Researchers studying alternative to bladder removal for bladder cancer patients

Mouse bladder

Mouse bladder
Image courtesy of NCI

A new phase I clinical trial conducted by researchers at the Center for Cancer Research (CCR) is evaluating the safety and tolerability, or the degree to which any side effects can be tolerated by patients, of a two-drug combination as a potential alternative to bladder removal for bladder cancer patients. The trial targets patients with non-muscle invasive bladder cancer (NMIBC) whose cancers have stopped responding to traditional therapies.

“These are patients who have run out of treatment options for NMIBC and for whom the best standard of care would be bladder removal, but they are not healthy enough to endure surgery or have refused surgery,” says the study’s Principal Investigator Piyush K. Agarwal, M.D., from the Urologic Oncology Branch at CCR. “We’d like to find out how many patients can avoid bladder removal.”

Nearly 80,000 new cases of bladder cancer will be diagnosed this year in the United States, of which approximately 80 percent will occur in men. The vast majority of bladder cancer cases, nearly 70 percent, are first diagnosed as NMIBC. NMIBC is early-stage bladder cancer that has not spread to the muscle tissue surrounding the bladder and therefore is considered non-metastatic.

Early treatment for NMIBC includes surgical tumor removal followed by localized treatment with a vaccine called Bacillus Calmette-Guerin (BCG). This vaccine was originally designed to prevent tuberculosis but was later discovered to reduce the risk of progression and recurrence of bladder cancer in individuals who received the BCG vaccine directly into their bladders. Unfortunately, over a long period of time, BCG and surgery eventually fail to hold back progression of NMIBC in two-thirds of patients, and bladder removal becomes the only option.

When traditional treatments fail, NMIBC can progress to muscle invasive bladder cancer (MIBC). MIBC is a metastatic disease with a 50-percent survival rate five years after diagnosis.

Agarwal believes that the best strategy to prevent MIBC is to develop new therapies that would stop NMIBC in its tracks before it has a chance to progress.

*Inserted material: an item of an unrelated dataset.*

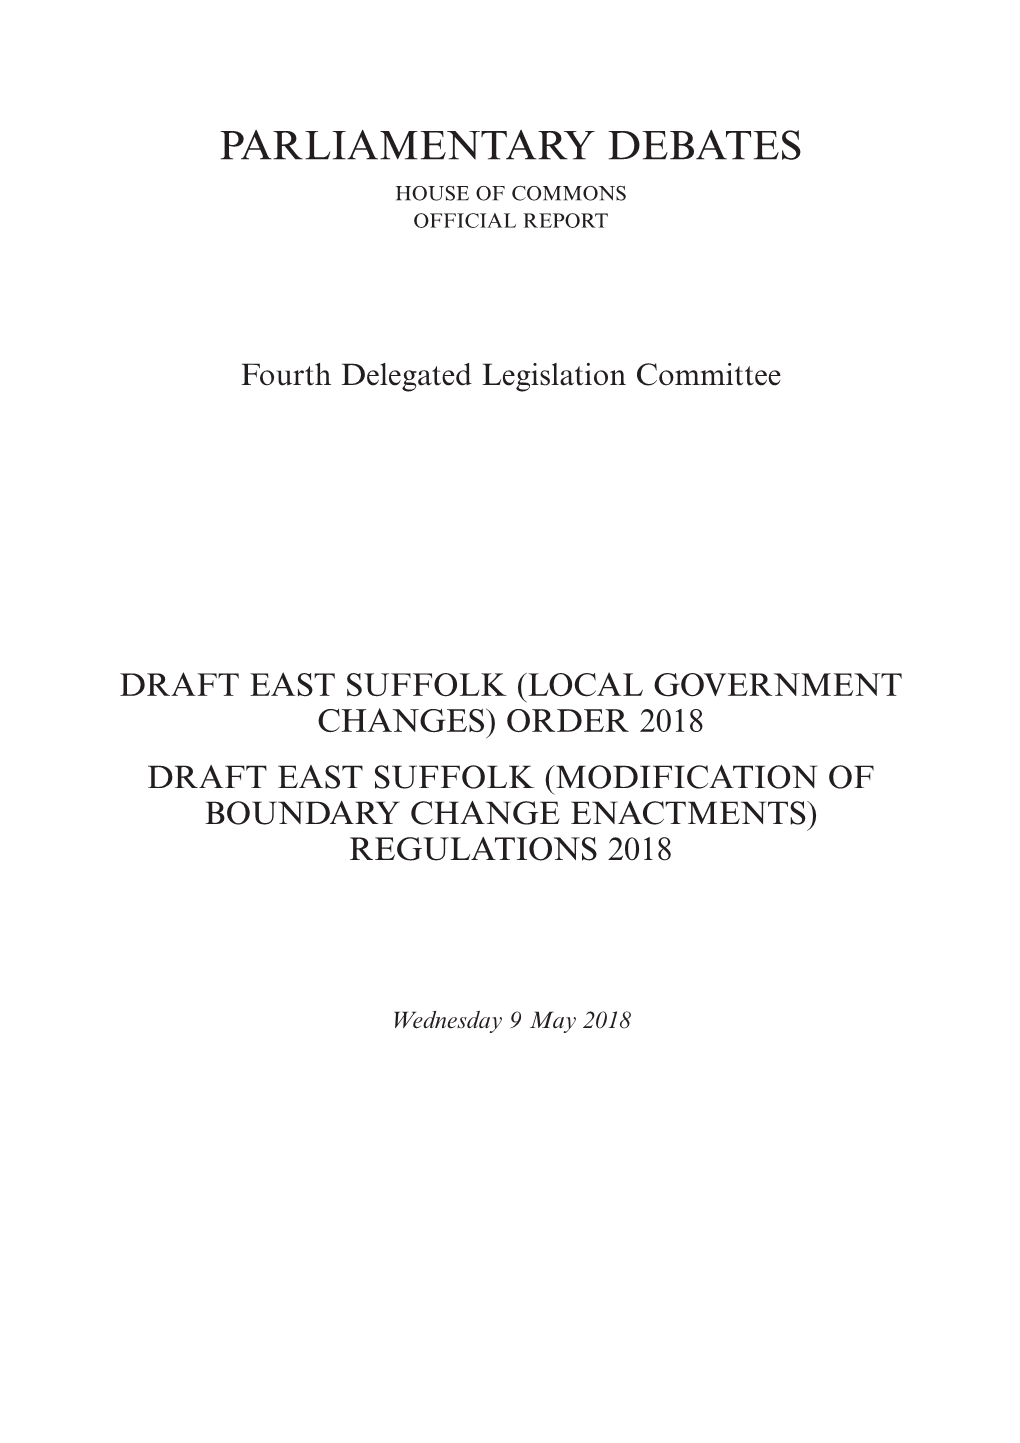 Draft East Suffolk (Local Government Changes) Order 2018 Draft East Suffolk (Modification of Boundary Change Enactments) Regulations 2018

To this end, he looked at types of treatments that have proven effective against MIBC. Although NMIBC is currently considered a non-metastatic disease, Agarwal says that recent studies have shown that nearly 25 percent of NMIBC patients have cancer cells circulating in the blood stream just as in patients with metastatic MIBC. “So, it’s not unreasonable to think that treatments that target MIBC might also work against NMIBC,” Agarwal says.

Recent results of preclinical and clinical studies conducted with two drugs, durvalumab  and Vicinium, support this approach.

Durvalumab is a monoclonal antibody immunotherapy approved by the U.S. Food and Drug Administration for treatment of metastatic urothelial carcinoma, the most common type of metastatic bladder cancer, but the drug has never been tested in patients with non-metastatic NMIBC. Durvalumab operates by inhibiting a protein on the surface of cancer cells that would otherwise reduce the ability of the body’s T cells to kill cancer cells.

Vicinium, a targeted fusion protein, showed promise in a recent phase II clinical trial in which 16 percent of NMIBC patients treated with the drug remained disease free for at least one year. The drug has now advanced to a phase III trial. Vicinium works by binding to a protein that is overexpressed on the surface of urothelial carcinoma cells, an antigen called EpCAM. Binding of the Vicinium protein marks the cancer cells for attack by the body’s natural immune system. But, Agarwal says, “Vicinium used alone has activity, but it’s not impressive as a single agent.”

Finally, in a preclinical study in mice, durvalumab plus a previous version of Vicinium, called Proxinium, acted synergistically, shrinking non-small cell lung cancer (NSCLC) tumors in mice to a far greater degree than either drug given alone.

Based on these studies and trials, durvalumab and Vicinium will be administered in combination in the current phase I trial. Participants will receive doses of Vicinium directly to the bladder where the drug will target urothelial cancer cells. Durvalumab, given intravenously, will then release the brakes on the immune response that Vicinium has triggered. “This would be the first combination of a systemic immunotherapy with a drug given in the bladder at the same time,” says Agarwal.

“The trial is very intensive in that patients receive an intravenous infusion as well as drugs delivered directly to the bladder,” says Agarwal. “But when we did an informal survey of patients, almost everybody said they’d consider an intensive therapy over bladder removal.”